Effectiveness is meeting objectives and customer needs profitably both in the short-term and long-term.

It is not about wasting resources, but putting them to use to achieve the objective of the business.

Labour intensity and capital intensity

Firms can be described as being labour intensive of capital intensive.

Labour intensity is the involvement if more labour input than capital input in the production of output.

Capital intensity is the involvement of more capital inputs than labour inputs in the production of output.

A business may choose between the two or may be forced by some factors to resort to one eg lack of
finances may compel a firm to be labour intensive.

Market advantage may make a business make hand made products because that is what the customers
want.

Nature of the product and its production process won’t allow hand production but rather machinery eg
electricity generation.

A company may choose to employ both.

The idea of profitability will also influence the choice.

The objective of every firm is to produce at the lowest possible unit cost.

Advantage of labour intensity

Useful in job production where customer specification is high.

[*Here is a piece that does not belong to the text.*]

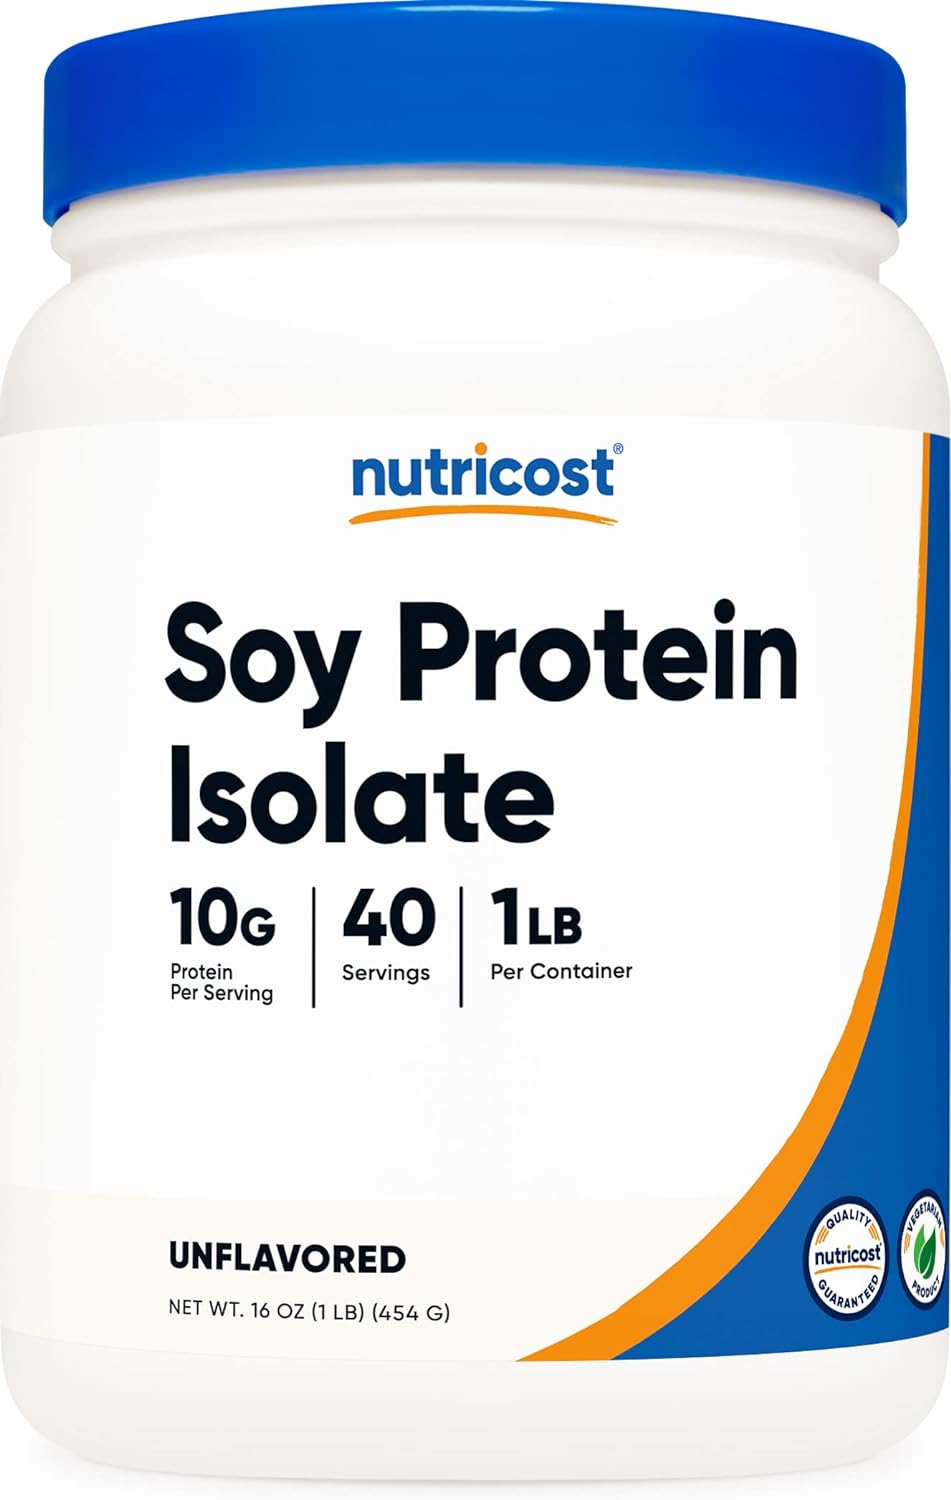 Nutricost Soy Protein Powder, 1 LB Unflavored, 10 Grams of Protein Per Serving, Vegetarian, Non-GMO & Gluten Free

The firm can charge high price for producing what customers want.
There is less competition as most of the production is based on talent.
Disadvantages of labour intensity
Low unit production so that demand may not be met.
High labour cost as more people need to be employed to increase production.
Advantages of capital intensity

High productivity and low unit cost.


High levels of production to meet demand.
Appropriate for flow production. Economies of scale
Disadvantages

High fixed costs.


High maintenance costs.
Pace of technological advancement can quickly render the latest production equipment obsolete and relatively
inefficient.
Which approach to choose?

It depends on:

Nature of product and product image that the firm wishes to establish.
The cost of the approach to be used
The size of the firm and its ability to afford the equipment.